# Expected Value of Inverse Gamma Distribution

• Yagoda
In summary: Thanks for the help!In summary, the student is having trouble solving a problem involving the gamma function. They know how to approach the problem, but are having trouble getting the answer correct. They have replaced the variable t with 1/y in order to find the expected value, but ran into a problem with having the b^{a-2} pulled outside the integral.
Yagoda

## Homework Statement

I have that X is distributed with Gamma(a,b) and that $Y = \frac{1}{X}$. I found the pdf of Y to be $\frac{1}{\Gamma(a)b^a} \left(\frac{1}{y}\right)^{a+1} e^{-1/yb}$ for y > 0. I need to use this to find the expected value.

## Homework Equations

The gamma function is defined as $\Gamma(a) = \int_{0}^{\infty} t^{a-1} e^{-t} \, dt$

## The Attempt at a Solution

I know how to approach the problem, but I am having trouble actually getting the correct answer. Here is what I've done.
\begin{align*} E[Y] &=\frac{1}{\Gamma(a)b^a} \int_{0}^{\infty} y \left(\frac{1}{y}\right)^{a+1} e^{-1/yb} \, dy \\ &=\frac{1}{\Gamma(a)b^a} \int_{0}^{\infty}\left(\frac{1}{y}\right)^{a} e^{-1/yb} \, dy \\ \text{Let t = 1/y so dt = -1/y^2.} \\ &= \frac{-1}{\Gamma(a)b^a} \int_{\infty}^{0} t^{a-2} e^{-t/b} \, dt \\ &= \frac{1}{\Gamma(a)b^a} \int_{0}^{\infty} \left(\frac{t}{b}\right)^{a-2} b^{a-2} e^{-t/b} \, dt \\ &= \frac{b^{a-2}\Gamma(a-1)}{\Gamma(a)b^a} \\ &= \frac{1}{\Gamma(a-1) b^2} \end{align*}

But I think I'm not supposed to have that extra b in the denominator. I've gone over the substitution a few times and it seems like raising t to the a-2 power is correct since I've removed two of the (1/y)'s to substitute in for dt. What am I missing?

Yagoda said:

## Homework Statement

I have that X is distributed with Gamma(a,b) and that $Y = \frac{1}{X}$. I found the pdf of Y to be $\frac{1}{\Gamma(a)b^a} \left(\frac{1}{y}\right)^{a+1} e^{-1/yb}$ for y > 0. I need to use this to find the expected value.

## Homework Equations

The gamma function is defined as $\Gamma(a) = \int_{0}^{\infty} t^{a-1} e^{-t} \, dt$

## The Attempt at a Solution

I know how to approach the problem, but I am having trouble actually getting the correct answer. Here is what I've done.
\begin{align*} E[Y] &=\frac{1}{\Gamma(a)b^a} \int_{0}^{\infty} y \left(\frac{1}{y}\right)^{a+1} e^{-1/yb} \, dy \\ &=\frac{1}{\Gamma(a)b^a} \int_{0}^{\infty}\left(\frac{1}{y}\right)^{a} e^{-1/yb} \, dy \\ \text{Let t = 1/y so dt = -1/y^2.} \\ &= \frac{-1}{\Gamma(a)b^a} \int_{\infty}^{0} t^{a-2} e^{-t/b} \, dt \\ &= \frac{1}{\Gamma(a)b^a} \int_{0}^{\infty} \left(\frac{t}{b}\right)^{a-2} b^{a-2} e^{-t/b} \, dt \\ &= \frac{b^{a-2}\Gamma(a-1)}{\Gamma(a)b^a} \\ &= \frac{1}{\Gamma(a-1) b^2} \end{align*}

But I think I'm not supposed to have that extra b in the denominator. I've gone over the substitution a few times and it seems like raising t to the a-2 power is correct since I've removed two of the (1/y)'s to substitute in for dt. What am I missing?

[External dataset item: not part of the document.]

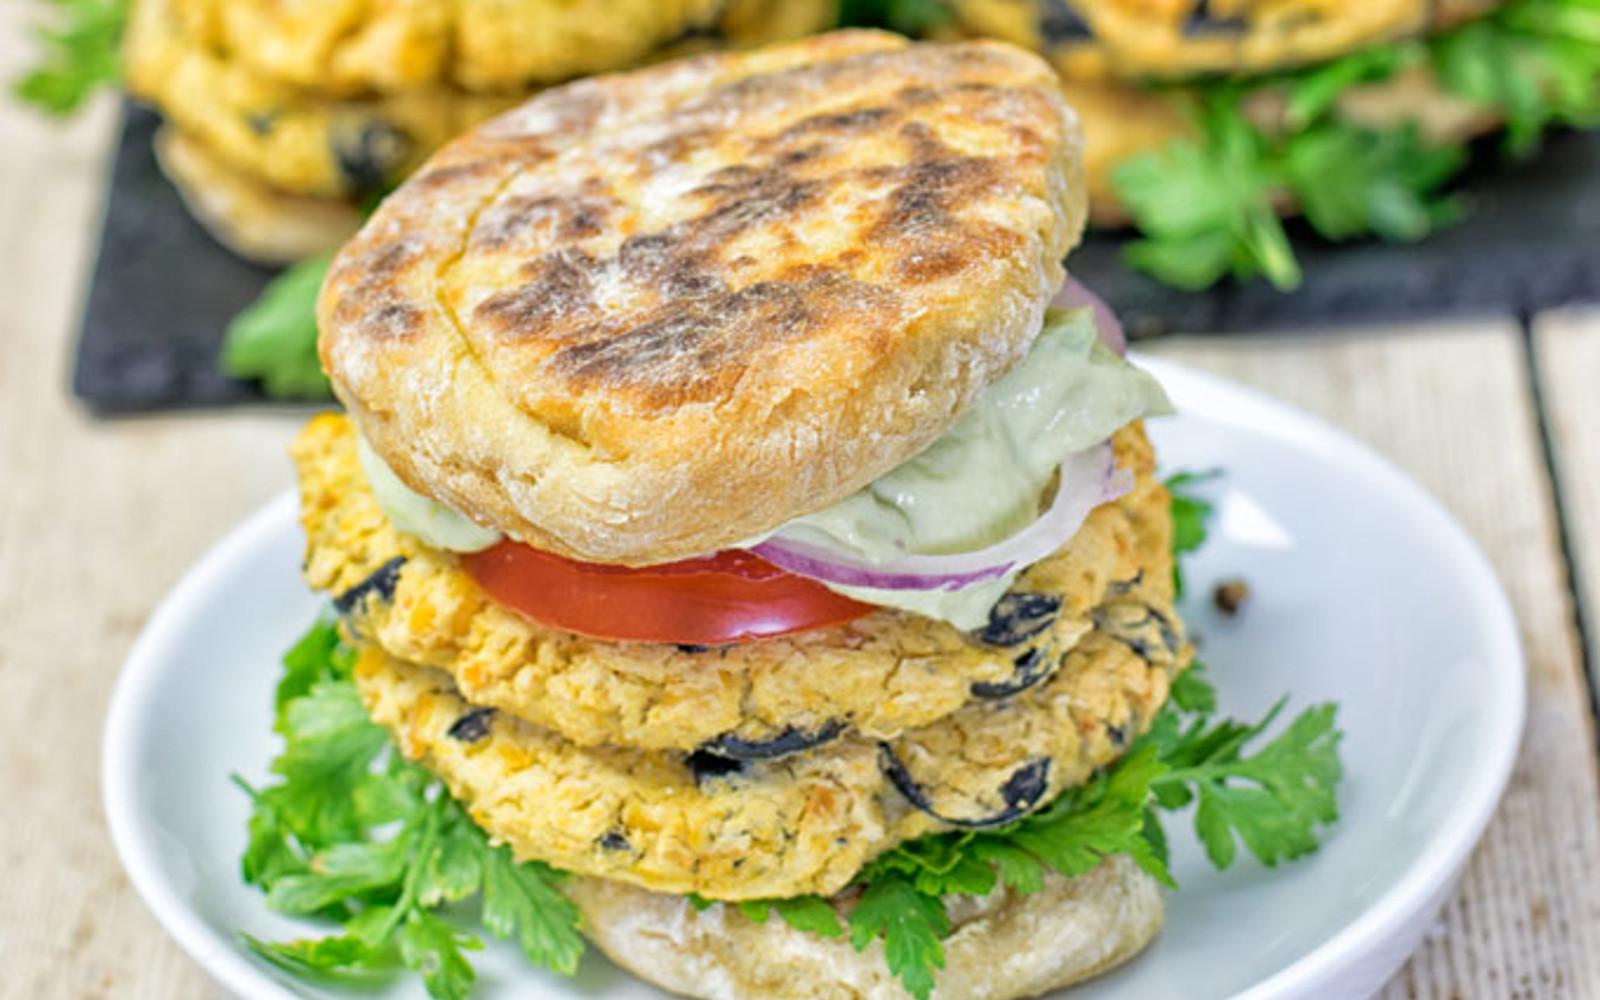 Mediterranean Burger 3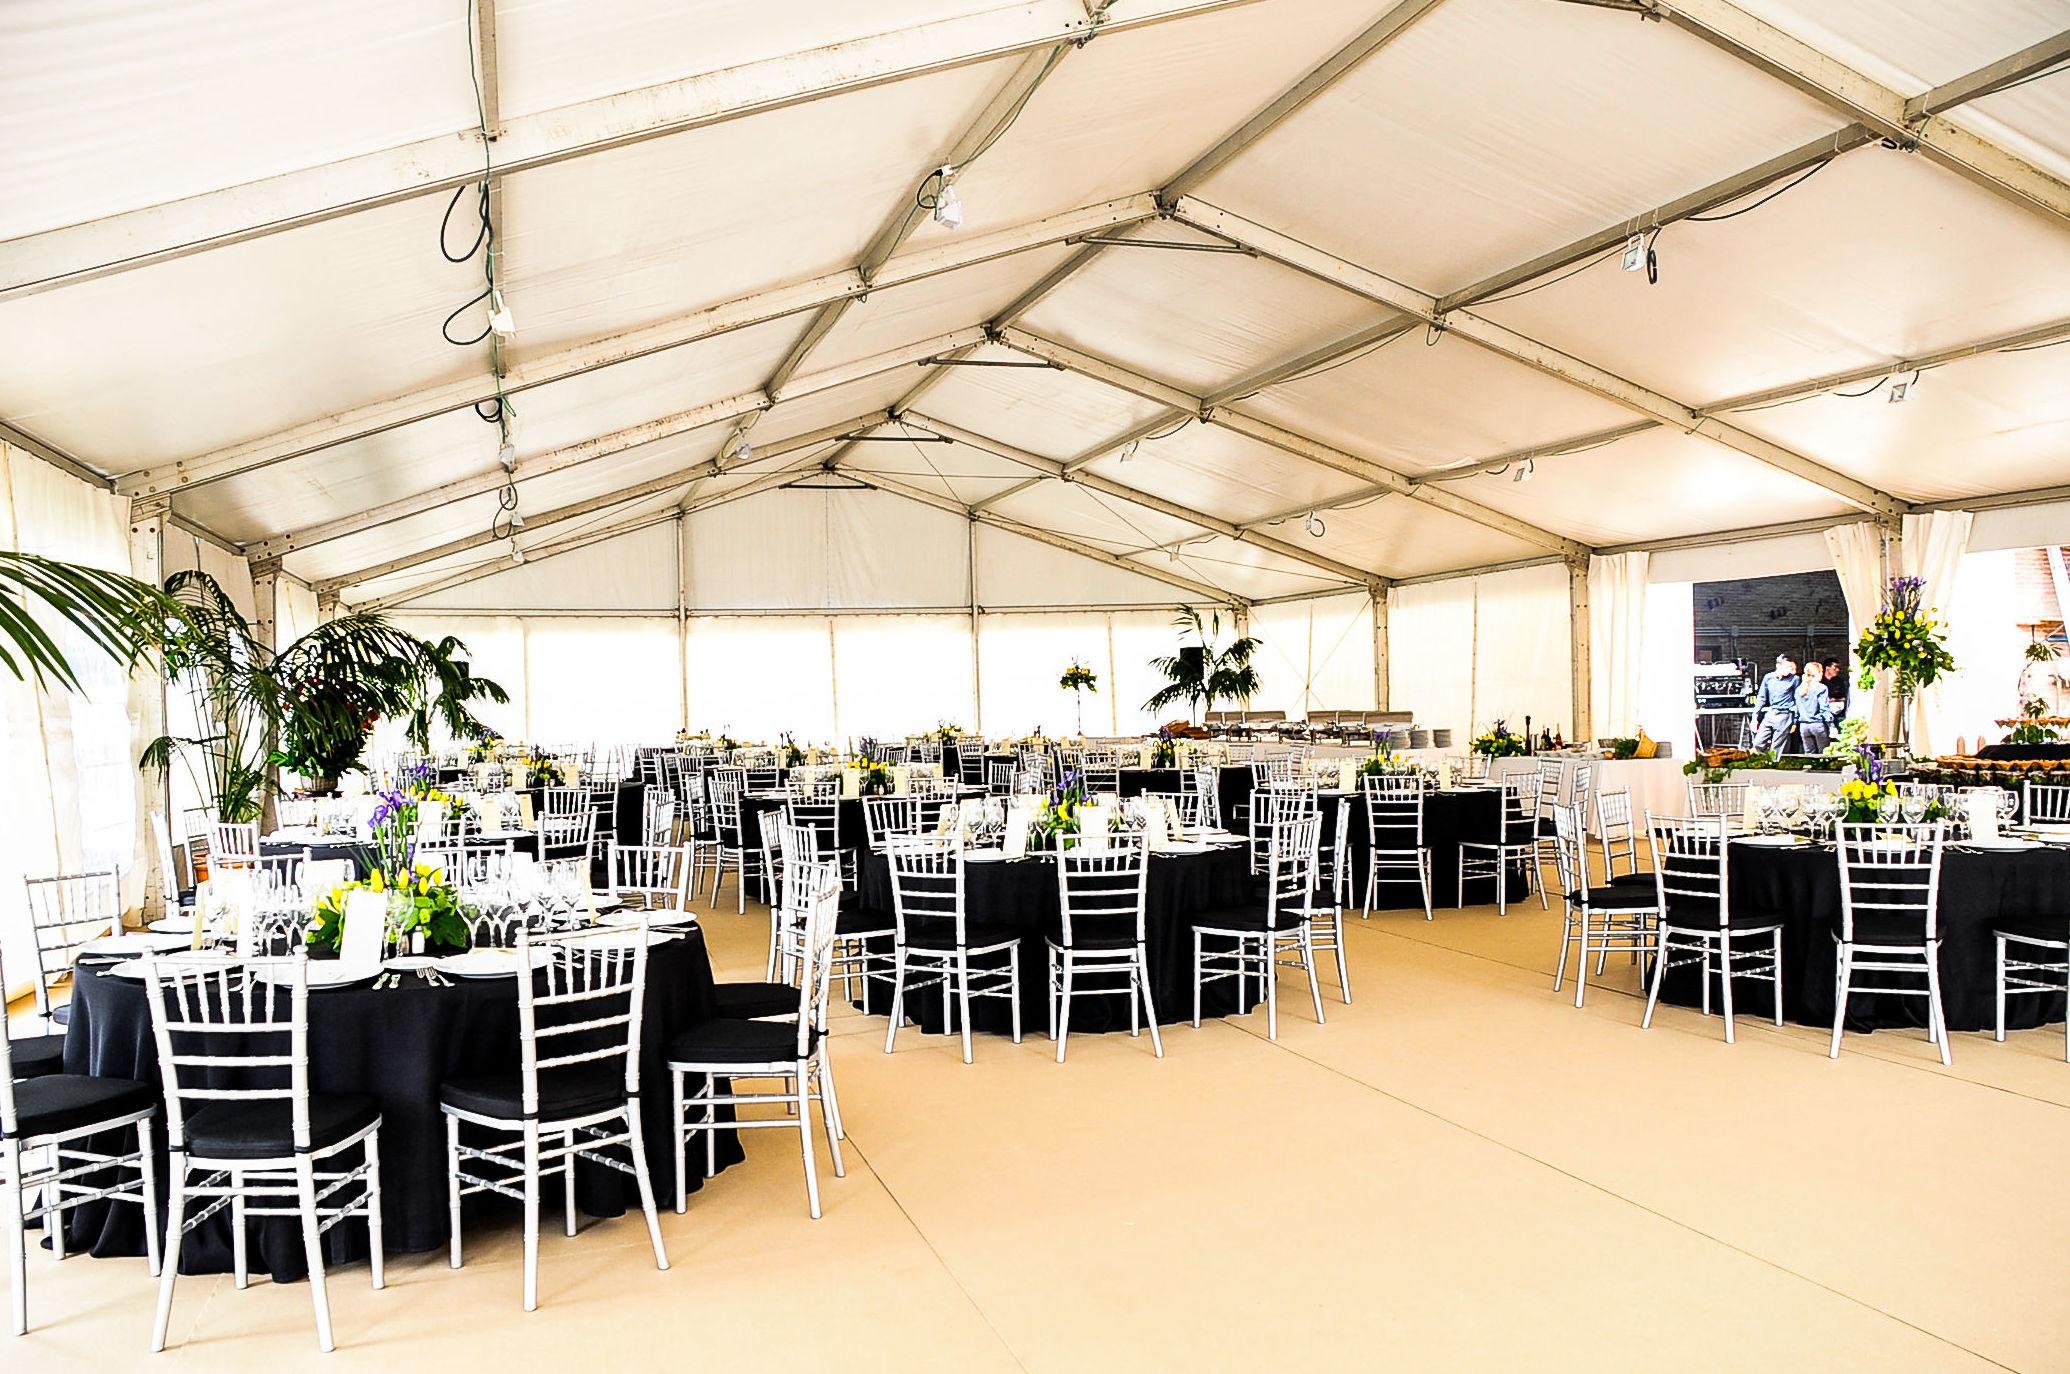 Empresa especializada en el alquiler de carpas, mesas, sillas, cuberterías... para eventos

You have changed variables incorrectly: when you set ##t = 1/y## you will have ##e^{-t^b}## in the integrand, so you cannot 'do' the integral as it stands. You need a different change of variables.

Do you have a suggestion for what to use for the substitution? I also tried substituting in $t = \frac{1}{by}$ so that I would just have $e^{-t}$ in the integrand, but I again ran into the problem of having $b^{a-2}$ pulled outside the integral rather than the $b^{a-1}$ that I am supposed to have.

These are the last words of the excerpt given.